→ **Data provided**
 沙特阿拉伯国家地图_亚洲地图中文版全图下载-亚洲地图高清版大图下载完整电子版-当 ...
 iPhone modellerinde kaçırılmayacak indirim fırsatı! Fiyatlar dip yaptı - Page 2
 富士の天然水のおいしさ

...

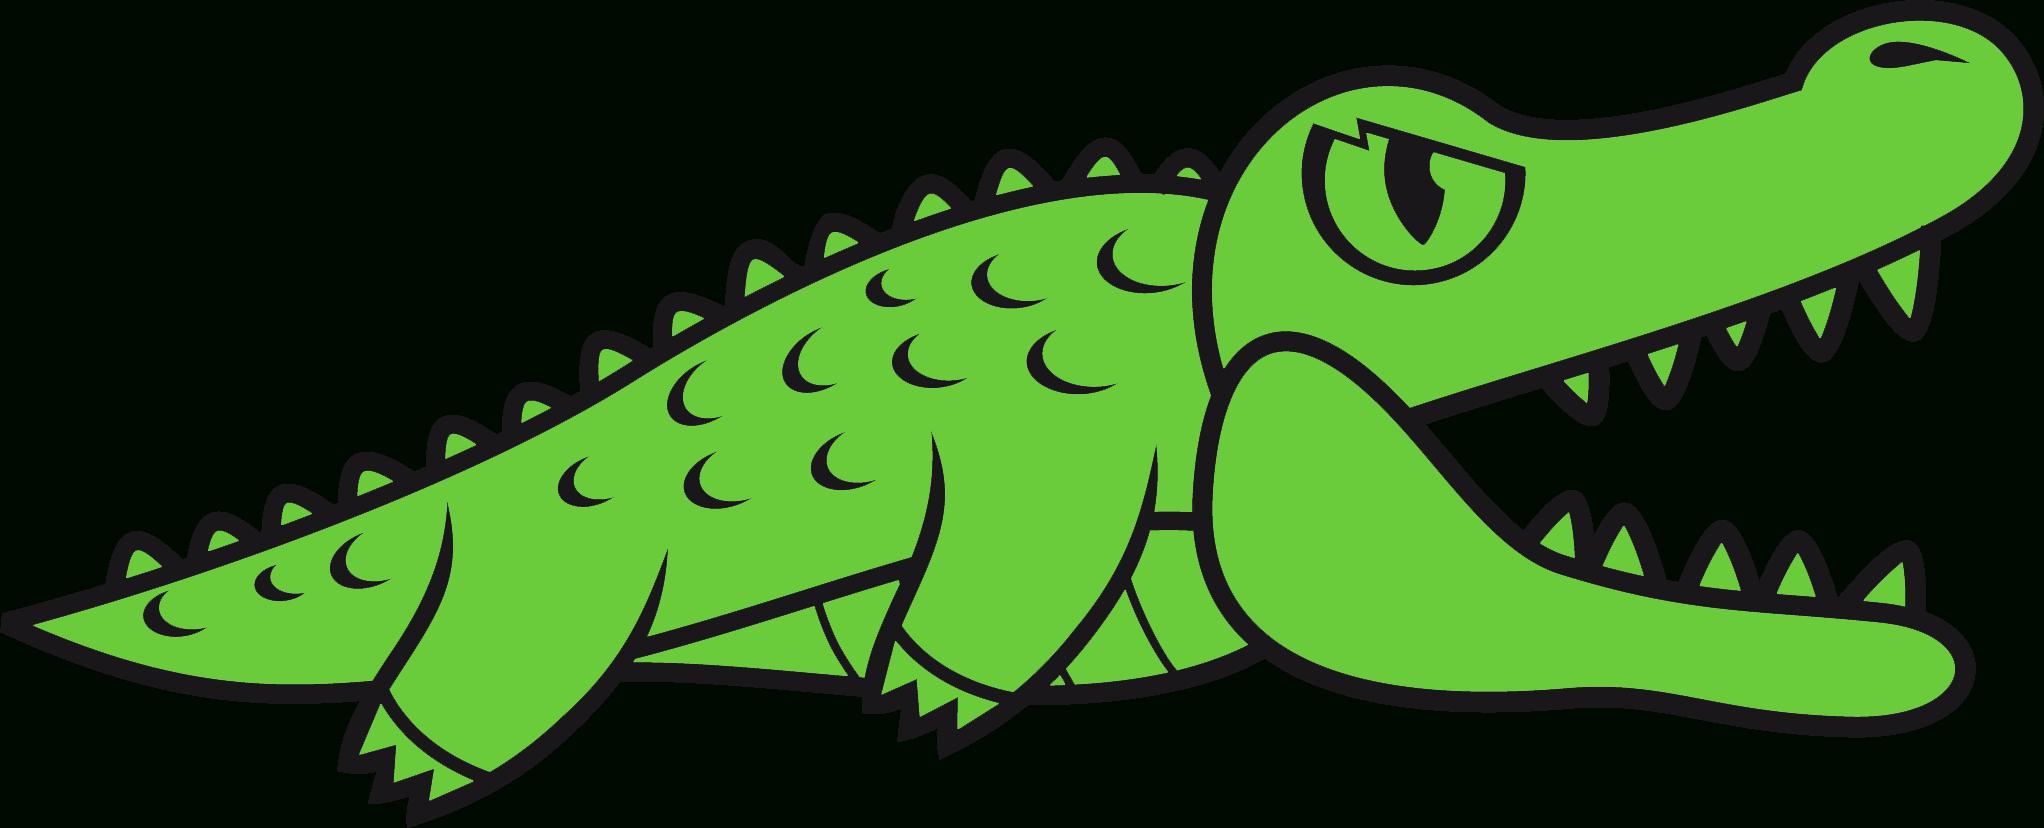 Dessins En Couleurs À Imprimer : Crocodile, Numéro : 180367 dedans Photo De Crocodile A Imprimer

...

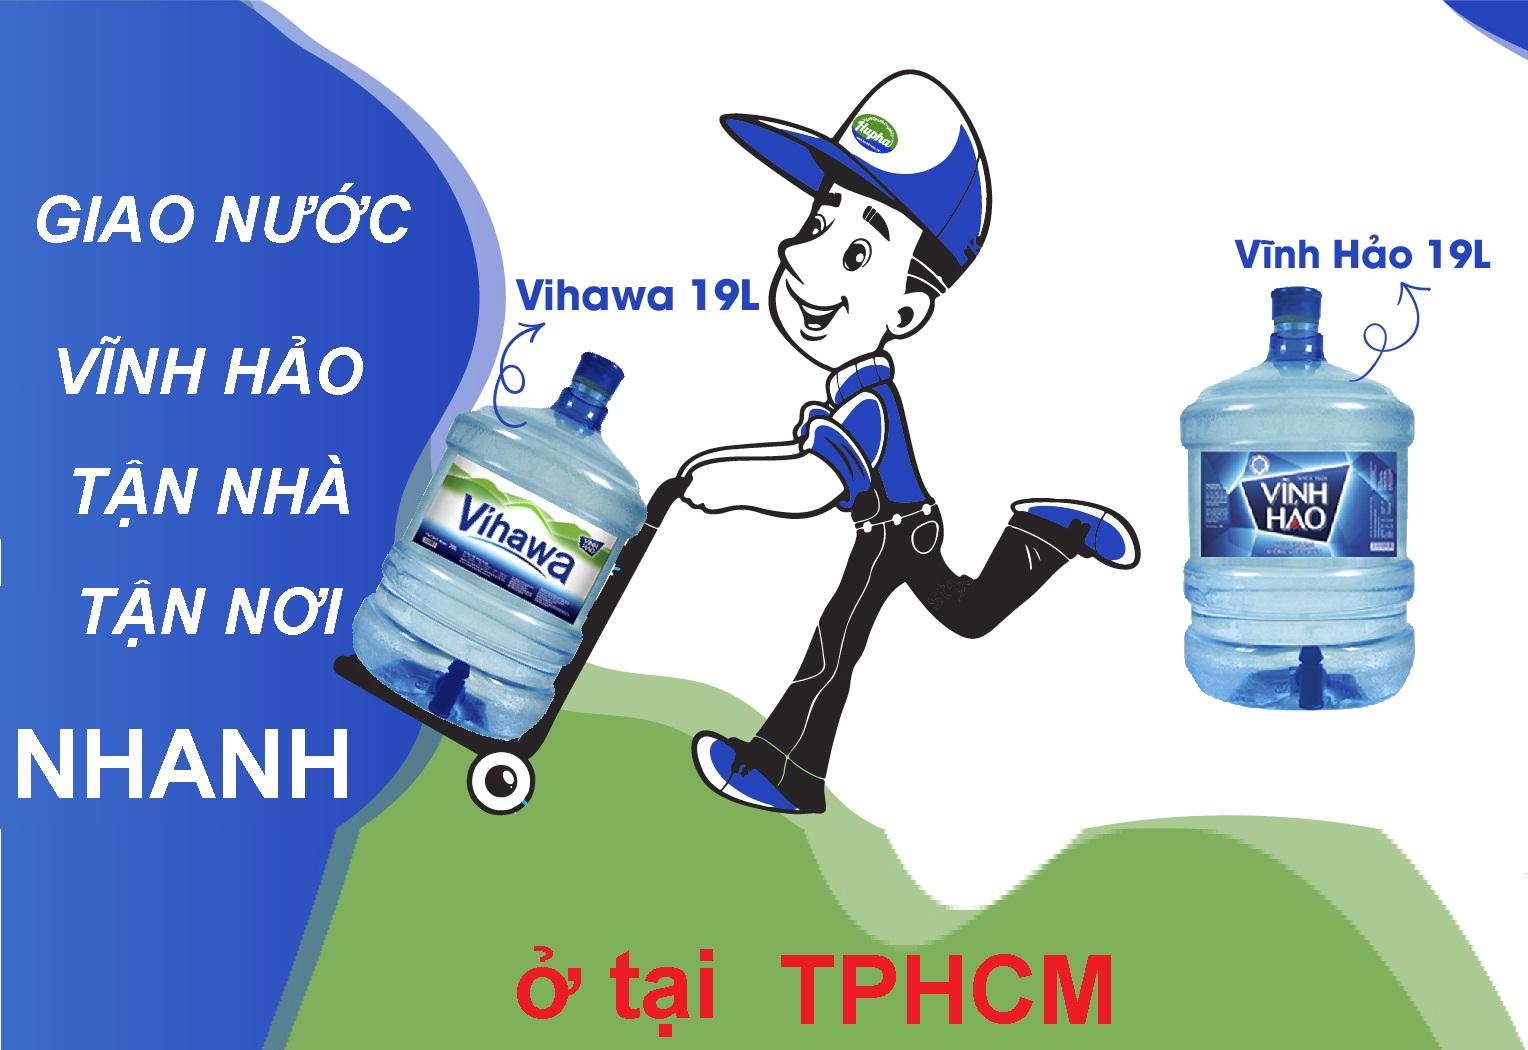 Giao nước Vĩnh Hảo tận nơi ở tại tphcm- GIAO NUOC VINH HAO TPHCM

→ **What is expected**
Go back to the listing above. Copy word for word the lines from the one with "沙特阿拉伯国家地图_亚洲地图" through the one with "富士の天然水のおいしさ", and nothing more.

→ **Your response**
 沙特阿拉伯国家地图_亚洲地图中文版全图下载-亚洲地图高清版大图下载完整电子版-当 ...
 iPhone modellerinde kaçırılmayacak indirim fırsatı! Fiyatlar dip yaptı - Page 2
 富士の天然水のおいしさ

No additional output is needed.